● SUPPLIED INFORMATION
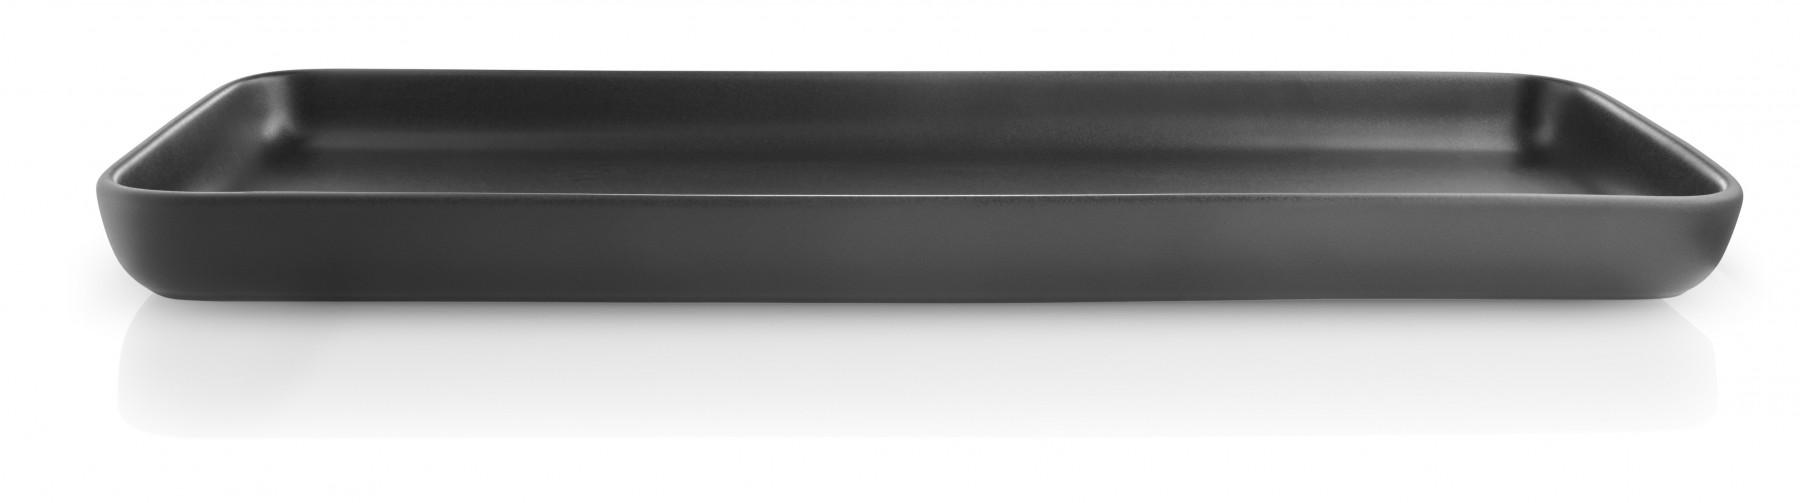 eva solo - Servierplatte - 13x37cm, 502778, 5706631201605
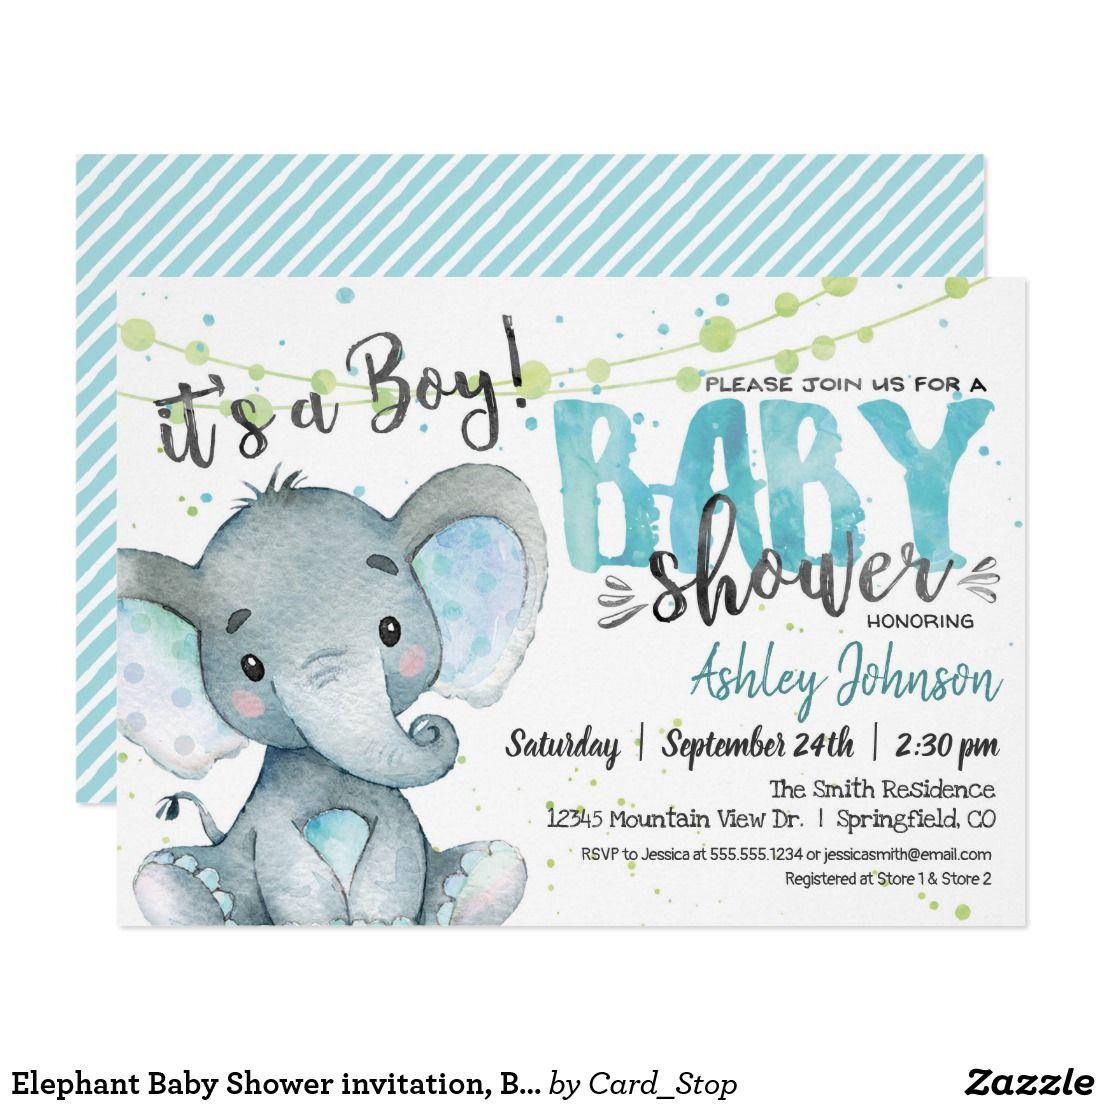 Elephant Baby Shower Invitation Boy Invitation Zazzle Com Elephant Baby Shower Invitations Boy Elephant Baby Shower Boy Elephant Baby Shower Invitations
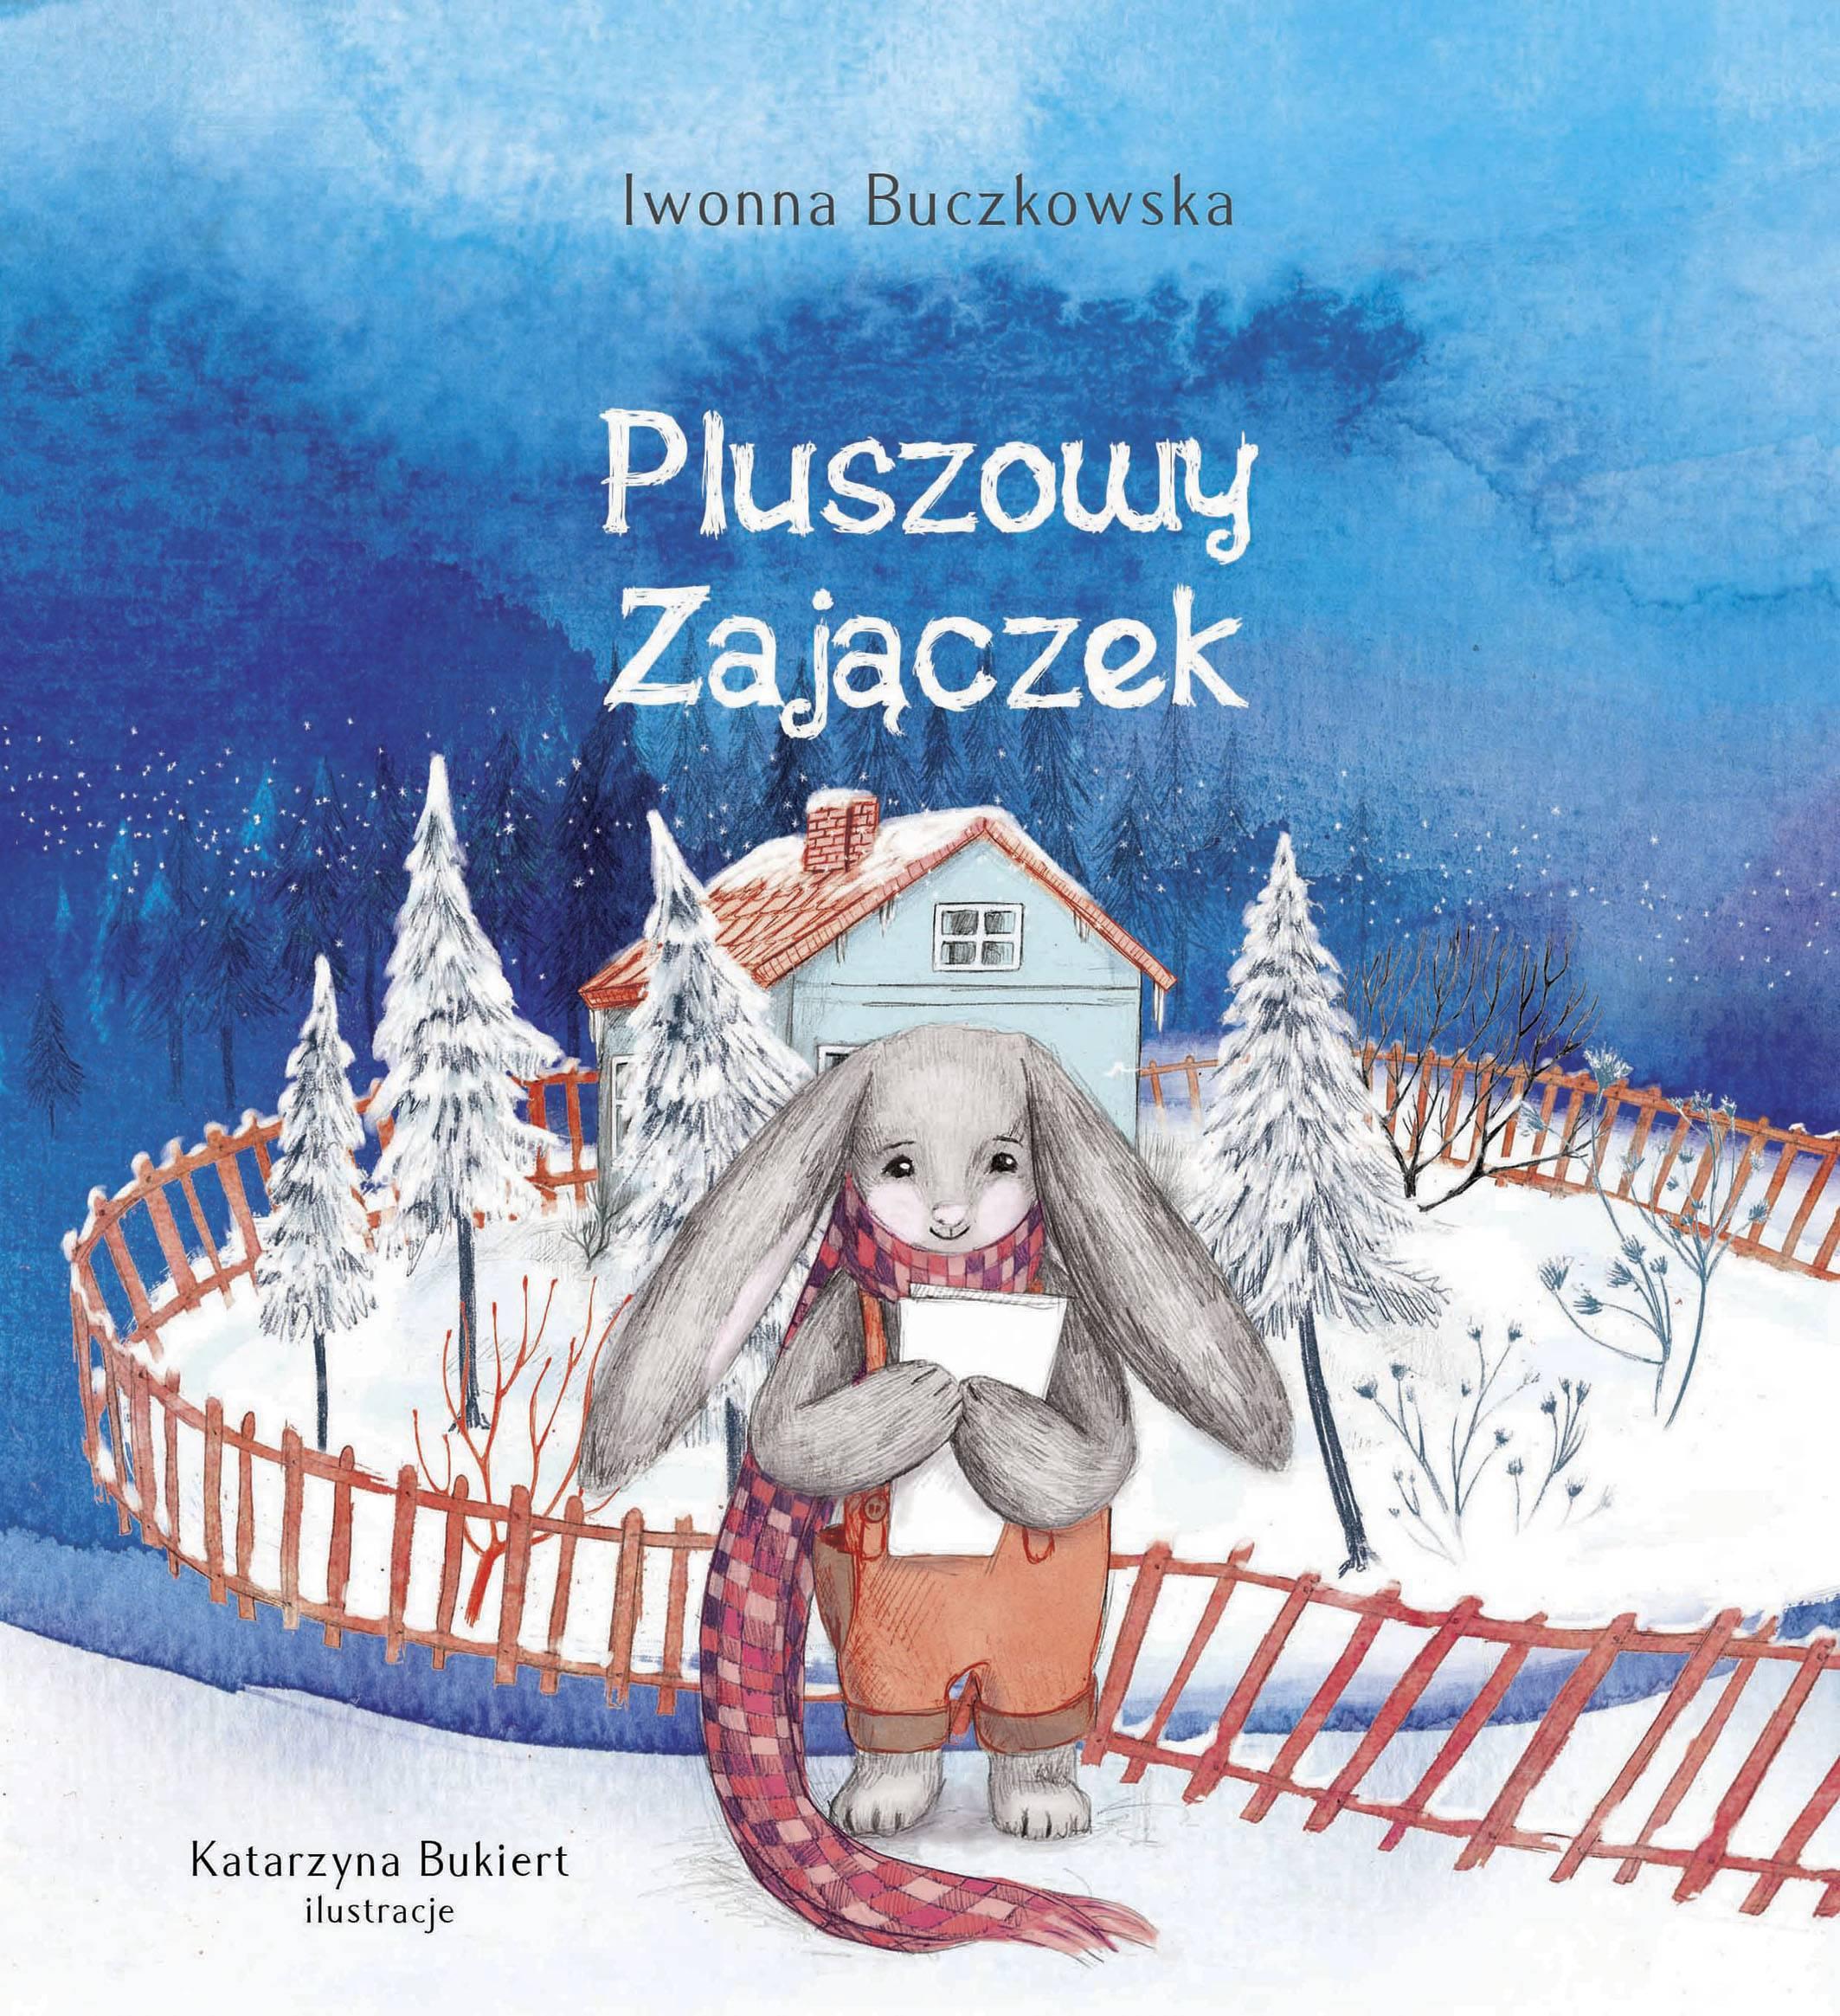 Bajki dla dzieci Iwonny Buczkowskiej: okładka Pluszowego zajączka.

● EXERCISE BRIEF
The result is an exact copy of the lines from the one holding "Elephant Baby Shower Invitation Boy" through the final line of the data above, both ends included, minus the pictures.

● SOLUTION TO THIS PROBLEM
 Elephant Baby Shower Invitation Boy Invitation Zazzle Com Elephant Baby Shower Invitations Boy Elephant Baby Shower Boy Elephant Baby Shower Invitations
 Bajki dla dzieci Iwonny Buczkowskiej: okładka Pluszowego zajączka.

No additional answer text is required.